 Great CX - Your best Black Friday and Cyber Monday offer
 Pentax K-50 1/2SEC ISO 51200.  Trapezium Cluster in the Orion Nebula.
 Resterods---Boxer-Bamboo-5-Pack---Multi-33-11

--

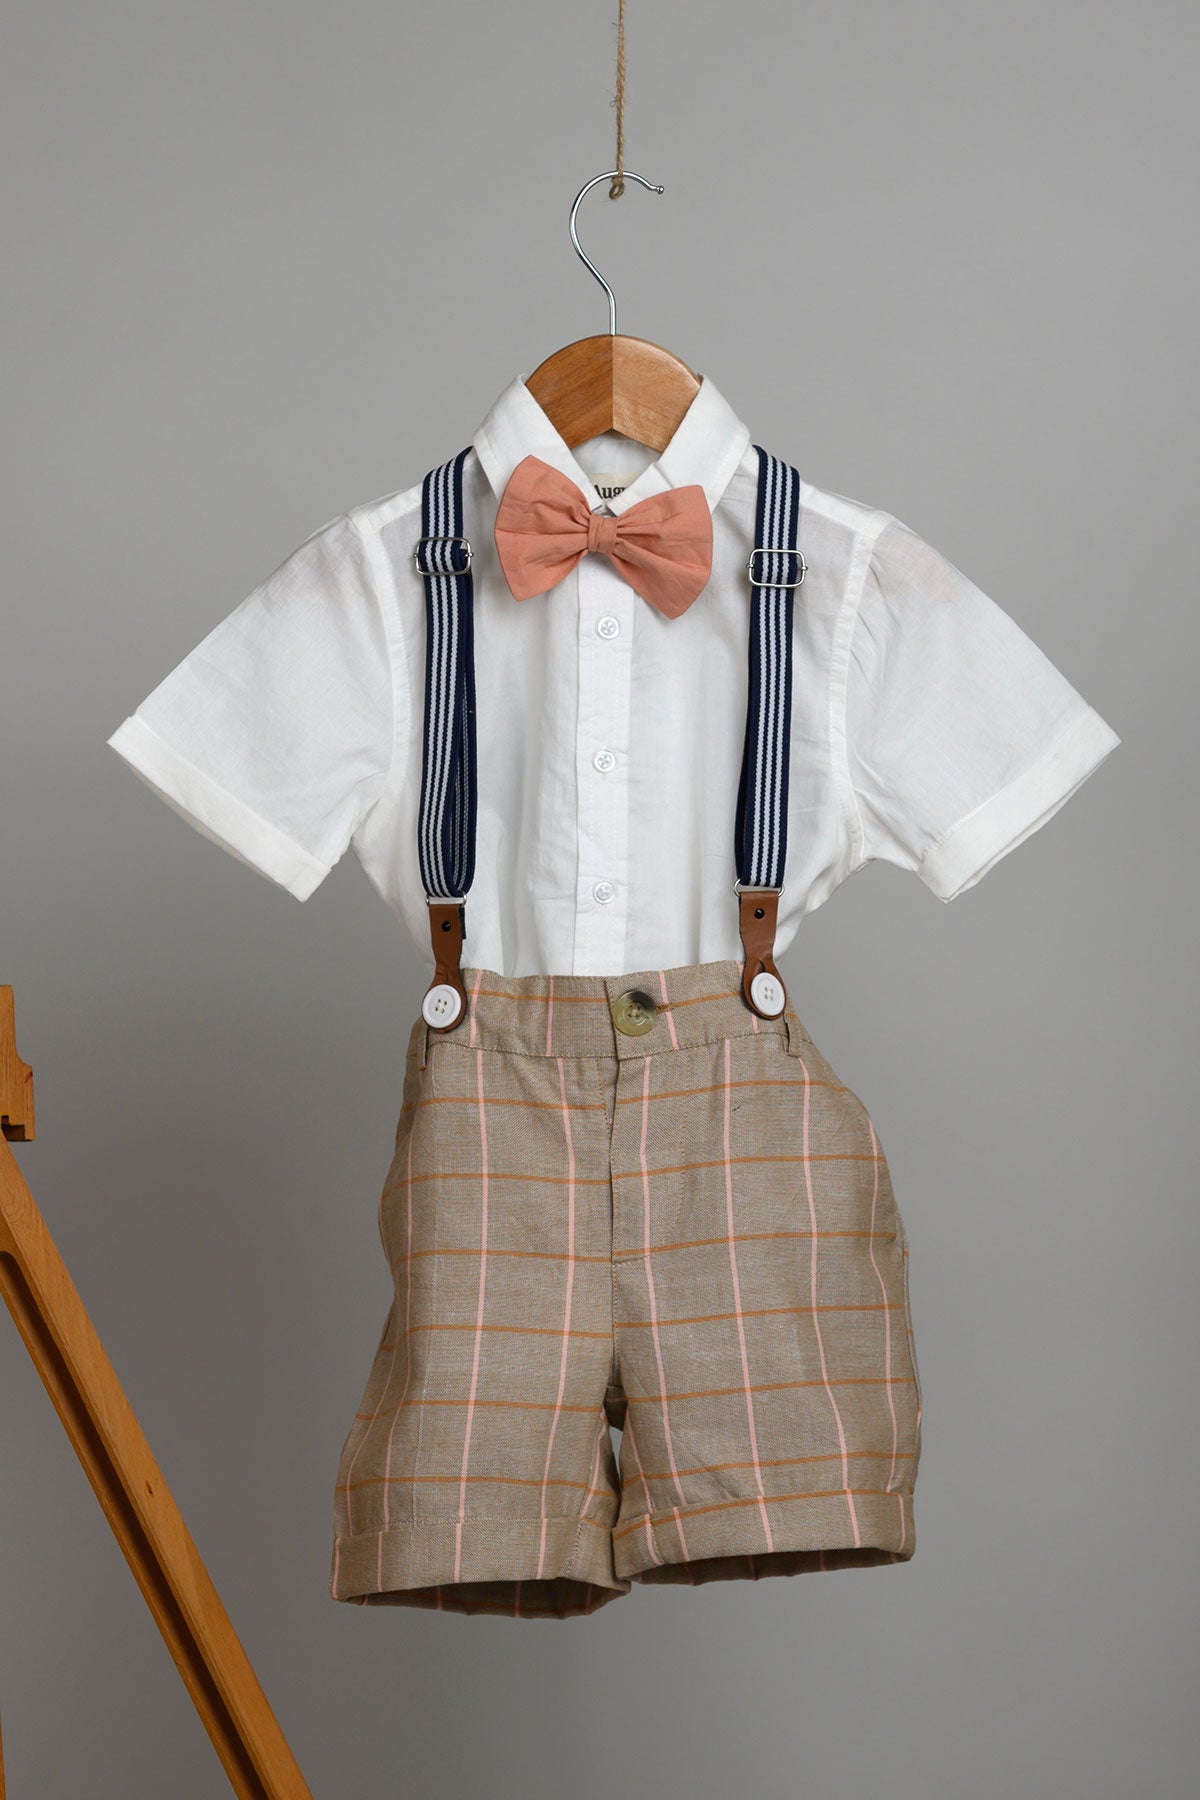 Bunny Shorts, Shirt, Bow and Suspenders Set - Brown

* * *

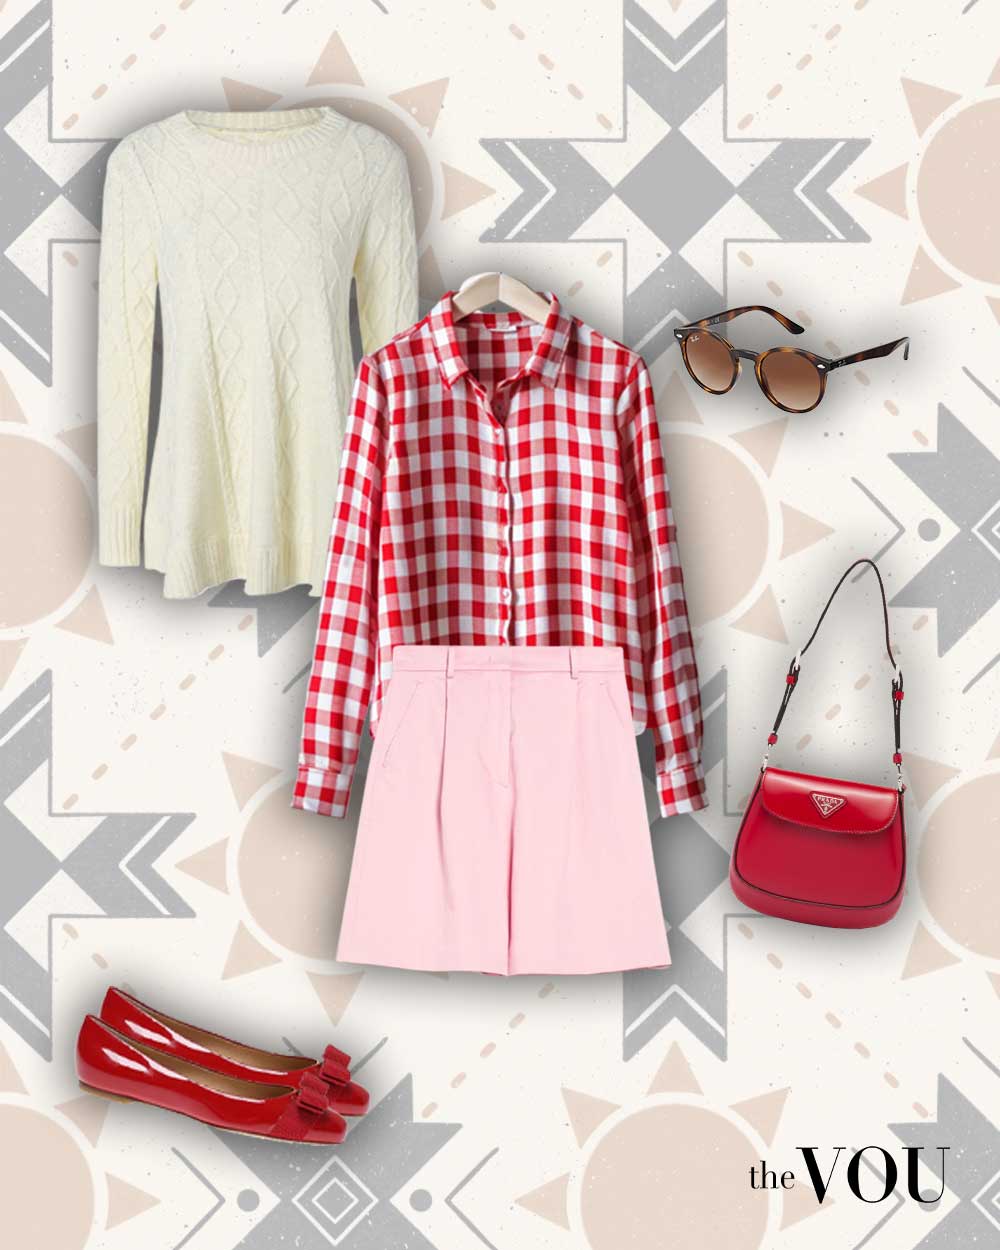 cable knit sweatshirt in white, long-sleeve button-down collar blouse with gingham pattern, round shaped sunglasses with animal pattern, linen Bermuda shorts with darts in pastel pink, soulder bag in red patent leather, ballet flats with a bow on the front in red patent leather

* The problem *
Only the lines above starting at the line that holds "Great CX - Your" and ending at the line that holds "Resterods---Boxer-Bamboo-5-Pack---Multi-33-11" are to be repeated, exactly and in full.

* Exercise output *
 Great CX - Your best Black Friday and Cyber Monday offer
 Pentax K-50 1/2SEC ISO 51200.  Trapezium Cluster in the Orion Nebula.
 Resterods---Boxer-Bamboo-5-Pack---Multi-33-11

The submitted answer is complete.